Update 'qualifiers' rule in core spec #382 #398

johnmhoran · 2025-02-26T03:11:06Z

Reference: #382

@pombredanne @jkowalleck @mprpic @matt-phylum I've updated the qualifiers rule in the core spec's "Rules for each purl component" section, still need to

revisit the how-to-build and how-to-parse sections
review relevant issues/PRs to determine if any qualifiers-related items need to be addressed in faq.rst
add a few qualifiers-related tests (those that already exist all look good, but I'll add a few "is_invalid": true tests for the encoding details I've included in the qualifiers update).

Turning to these ^ in the morning.

Reference: #382 Signed-off-by: John M. Horan <[email protected]>

PURL-SPECIFICATION.rst

jkowalleck · 2025-02-26T08:51:42Z

PURL-SPECIFICATION.rst

+
+      - The ``key`` MUST be composed only of ASCII letters and numbers, '.', '-' and
+        '_' (period, dash and underscore).
+      - A ``key`` MUST start with an ASCII letter.


A key MUST start with an ASCII letter.

this is a change.
old:

A key cannot start with a number

the new spec would prevent keys like _foo, -bar, .bazz

I think this is a change I like and that makes sense, and I surmise that there are no sane qualifiers out there that do start with _, -, or .. For the sake of backward compatibility, we could either:

keep the original, updated: - A ``key`` MUST NOT start with a number.

keep this improved form: - A ``key`` MUST start with an ASCII letter.

Unless there is a strong group of PURLs in the wild that exist, I would prefer the improved form.

Given the comments thus far ^, I'm keeping as is unless/until I hear otherwise.

jkowalleck · 2025-02-26T08:55:02Z

PURL-SPECIFICATION.rst

+      - The ``key`` MUST be composed only of ASCII letters and numbers, '.', '-' and
+        '_' (period, dash and underscore).
+      - A ``key`` MUST start with an ASCII letter.
+      - A ``key`` MUST NOT be percent-encoded.


A key MUST NOT be percent-encoded.

I think this is wrong, and against other existing spec

purl-spec/PURL-SPECIFICATION.rst

Lines 245 to 248 in 8040ff0

It is OK to percent-encode ``purl`` components otherwise except for the ``type``.

Parsers and builders must always percent-decode and percent-encode ``purl``

components and component segments as explained in the "How to parse" and "How to

build" sections.

I think a key can be percent-encoded. and at some points, it must be percent encoded.
Otherwise, if percent-encoding MUST NOT happen, then i could not choose certain keys.
examples: foo&bar[]=bazz -> foo%26bar%5B%5D -- at least the & MUST be percent-encoded.

I might be wrong, please help me understand.

foo&bar[]=bazz is not a valid key according to the preceding rules.
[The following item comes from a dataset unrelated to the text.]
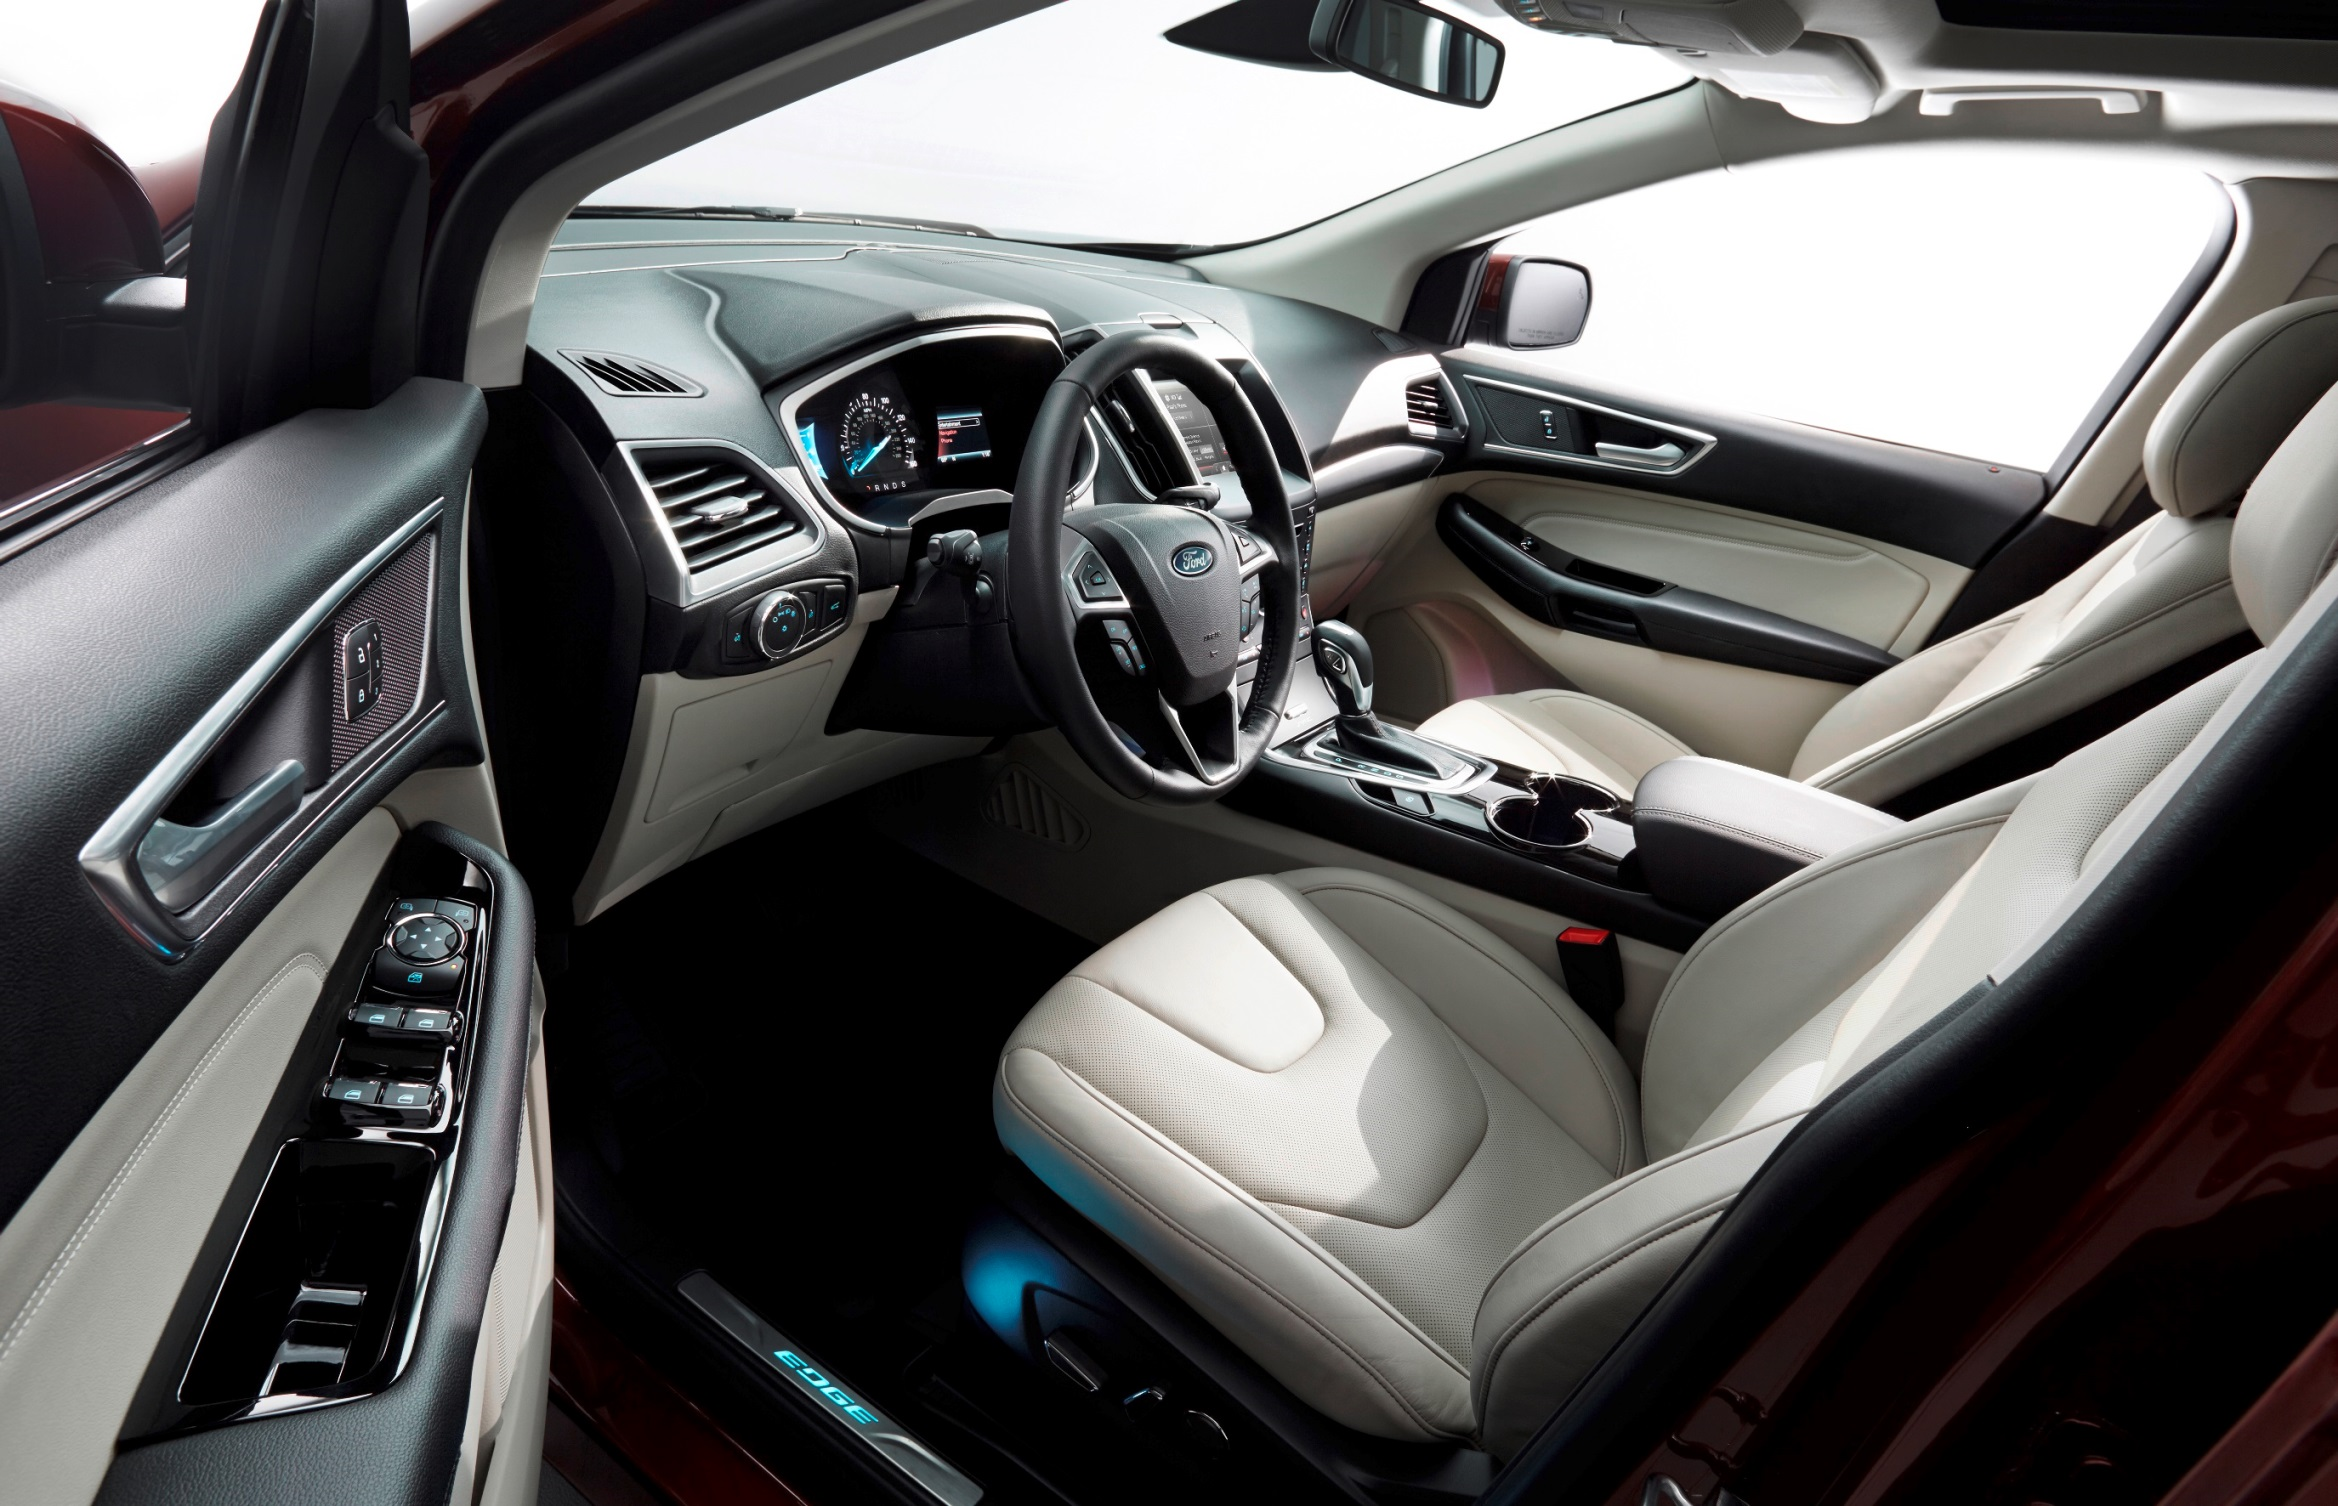 27 Ford_Edge interior

The allowed characters shouldn't require percent encoding but I don't see why the spec would forbid percent encoding.

The current spec already spells this out clearly, so this is not changing anything:
- A ``key`` must NOT be percent-encoded

Now since the % sign is not allowed in a key, technically, this is implied already and we could remove this sentence entirely. I like this to be explicit though.

Given the comments thus far ^, I'm keeping as is unless/until I hear otherwise.
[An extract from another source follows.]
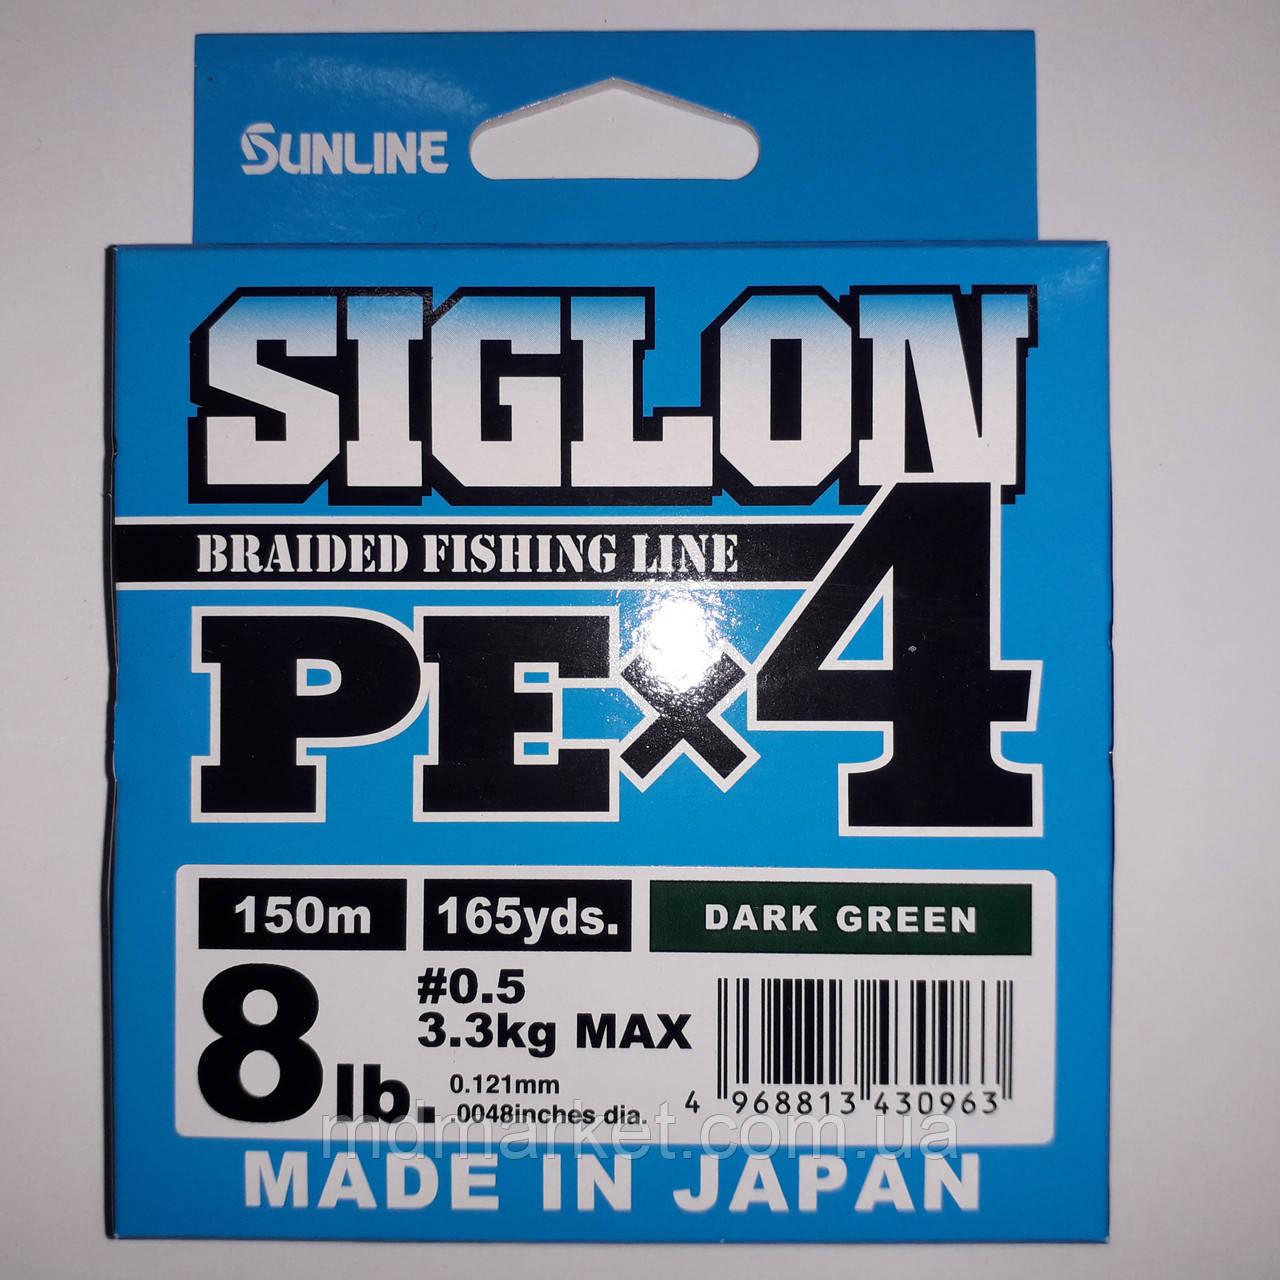 Шнур Sunline Siglon PE х4 150m (салатовый) #0.5 8lb/3.3kg

matt-phylum · 2025-02-26T13:14:27Z

PURL-SPECIFICATION.rst

+      - The ``value`` MUST be composed only of the following characters, encoded
+        as described below and in keeping with RFC 3986 Section 2.2:


This is confusing and self contradictory. "The value MUST be composed only of the following characters", but then the following text defines a set containing all characters.

Thanks @matt-phylum -- I don't think it's confusing but in any event the revised update will be simplified and clarified.

matt-phylum · 2025-02-26T13:19:46Z

PURL-SPECIFICATION.rst

+
+           .. code-block:: none
+
+               '!', '$', '&', ''', '(', ')', '*', '+', ',', ';', '='


The previous item lists characters that should not be encoded (MUST NOT for canonical PURLs), but this item lists some characters that MUST be encoded and some characters that should not be encoded together.

Thanks, will look forward to your comments on the revised update once I've pushed it.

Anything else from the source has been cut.